When seeking to deliver Jim. Huck believes that they should take the more efficient way. but Tom responds: “Well. hain’t you of all time read any books at all? – Baron Trenck. nor Casanora. nor Benvenuto Chelleeny. nor Henri IV. nor none of them heroes? ” ( 335 ) . Tom devises a complicated program that is so hard to carry through. that even he gives up on certain parts. and simply pretends that he is making them. Even worse. Jim finally gets out of prison and ends up assisting Tom make the readyings for his ain flight. Furthermore. he connects with the reader by supplying illustrations of issues that occur in real-life state of affairss. Twain besides satirizes faith. and the manner that people seem to surpass themselves in public. but disregard those spiritual values when they aren’t good to them. In the novel. the Grangerfords and the Shepardsons. two equaling households. supply a necessary illustration of this spiritual lip service.

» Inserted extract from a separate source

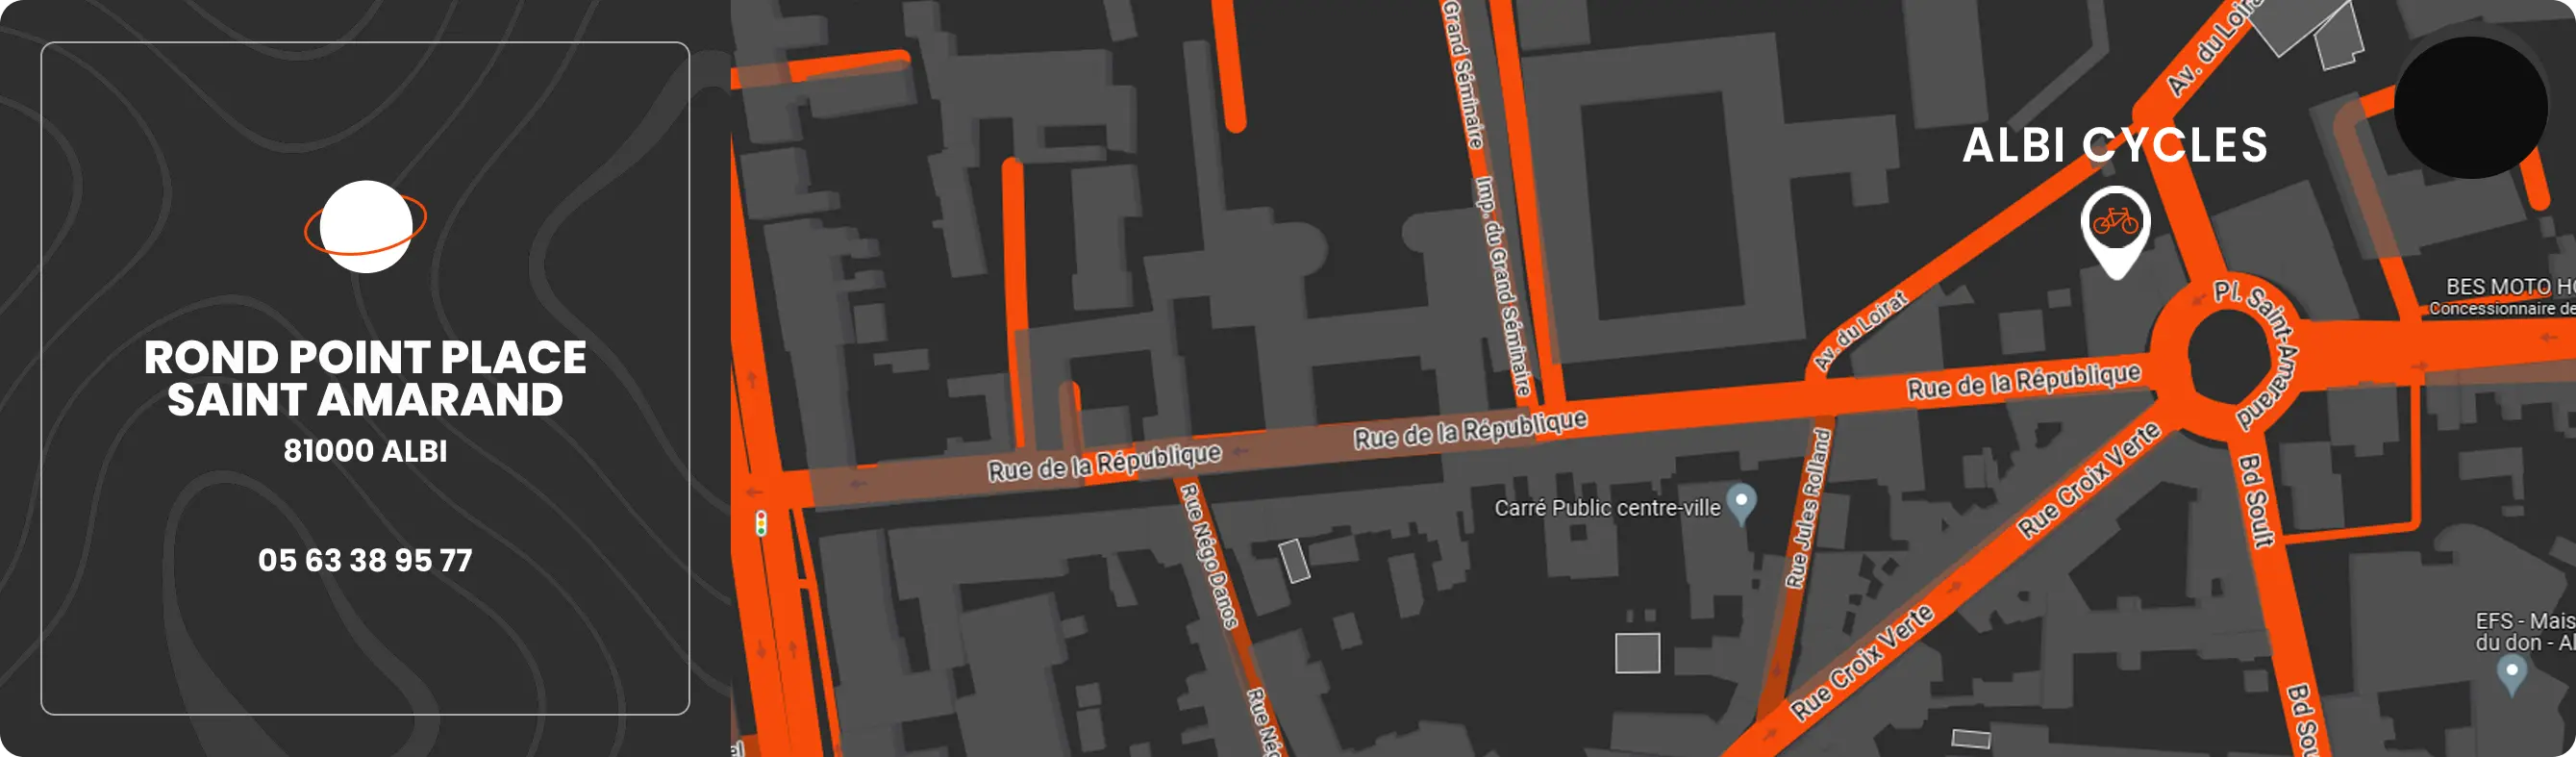 map localisation albi cycles
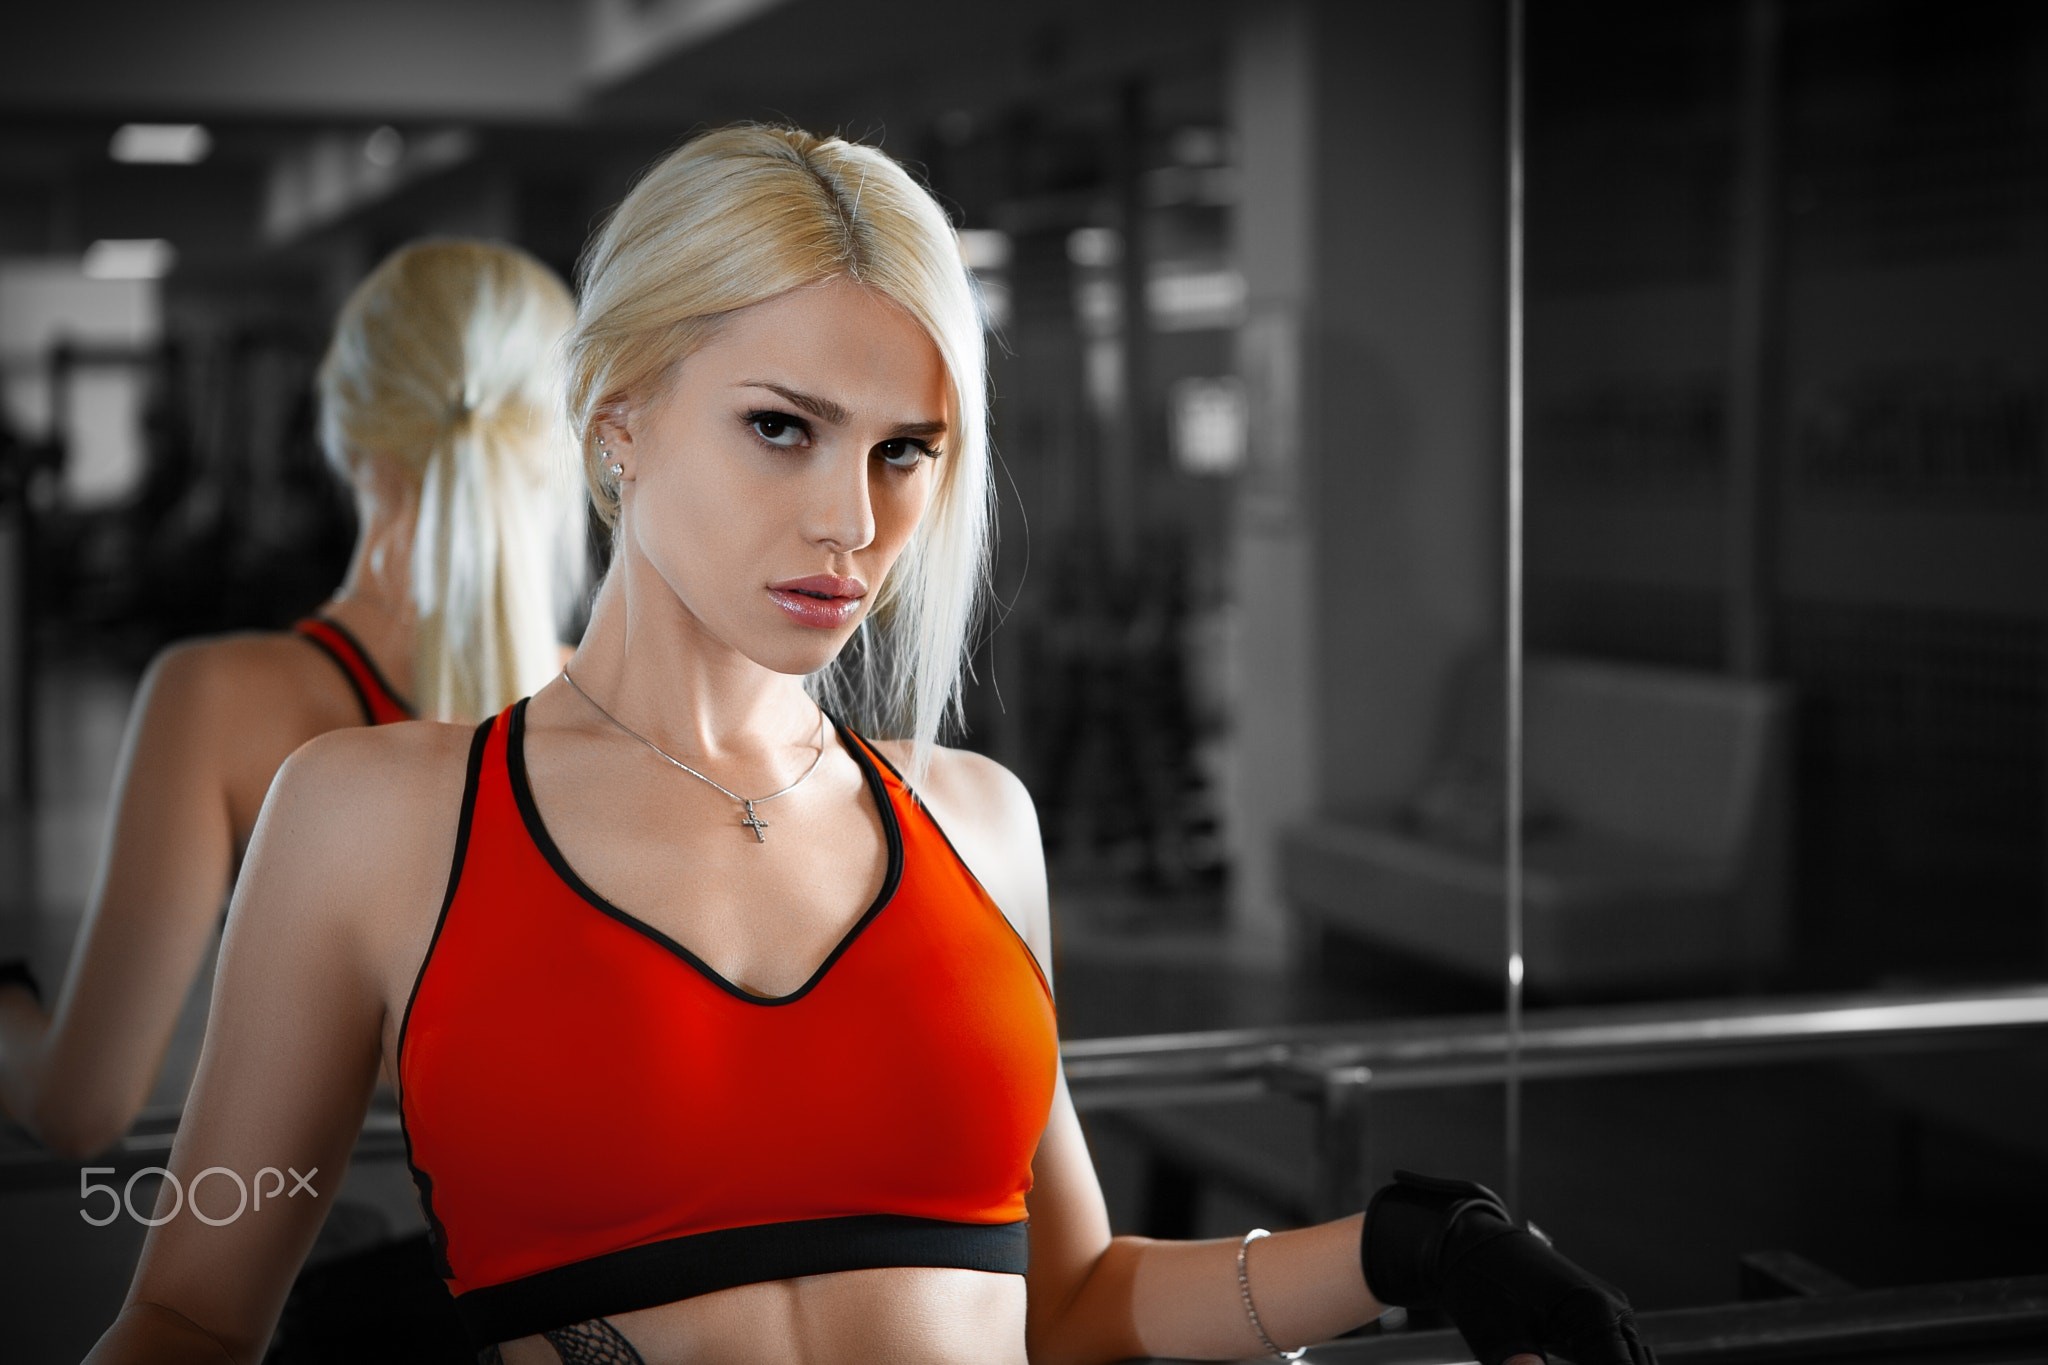 People 2048x1365 women blonde mirror reflection gloves portrait tattoo necklace sportswear sports bra gyms gym clothes fitness model 500px watermarked

When these households go to church. “the work forces took their guns along. and kept them between their articulatio genuss or stood them handy against the wall. The Shepherdsons done the same” ( 109 ) . Although the households are in church. they still don’t trust each other. Besides. after holding that the discourse on brotherlike love was a good 1. the two households go out and go on contending each other. In the beginning of the novel. Pap tries to forestall Huck from traveling to school. because he feels as if Huck is seeking to be better than him. While Pap. being a romantic. misgivings advancement. Huck seems to look towards advancement. even though he does this merely to hurt Pap. Nevertheless. Huck continues to travel to school: “He catched me a twosome of times and trashed me. but I went to school merely the same. and dodged him or outrun him most of the time” ( 33 ) . Because of Huck’s carelessness. Pap hunts him down. and subjects Huck with regular whippings.

Couple demonstrates how Huck matures throughout the book. and how his character alterations. In the beginning. Huck believes that slaves are inferior. but grows fond of Jim. and changes his thought to that of a existent human being ; caring and compassionate. He stops playing degrading fast ones on Jim. and treats him with more regard. Besides. when Huck begins to experience guilty about liberating Jim. he decides against returning Jim. Through this. Huck shows that he is willing to withstand God to make what he feels is right. Huck transforms from being a trouble maker that idolizes Tom Sawyer. to a male child that can believe for himself. and understand the difference between right and incorrect.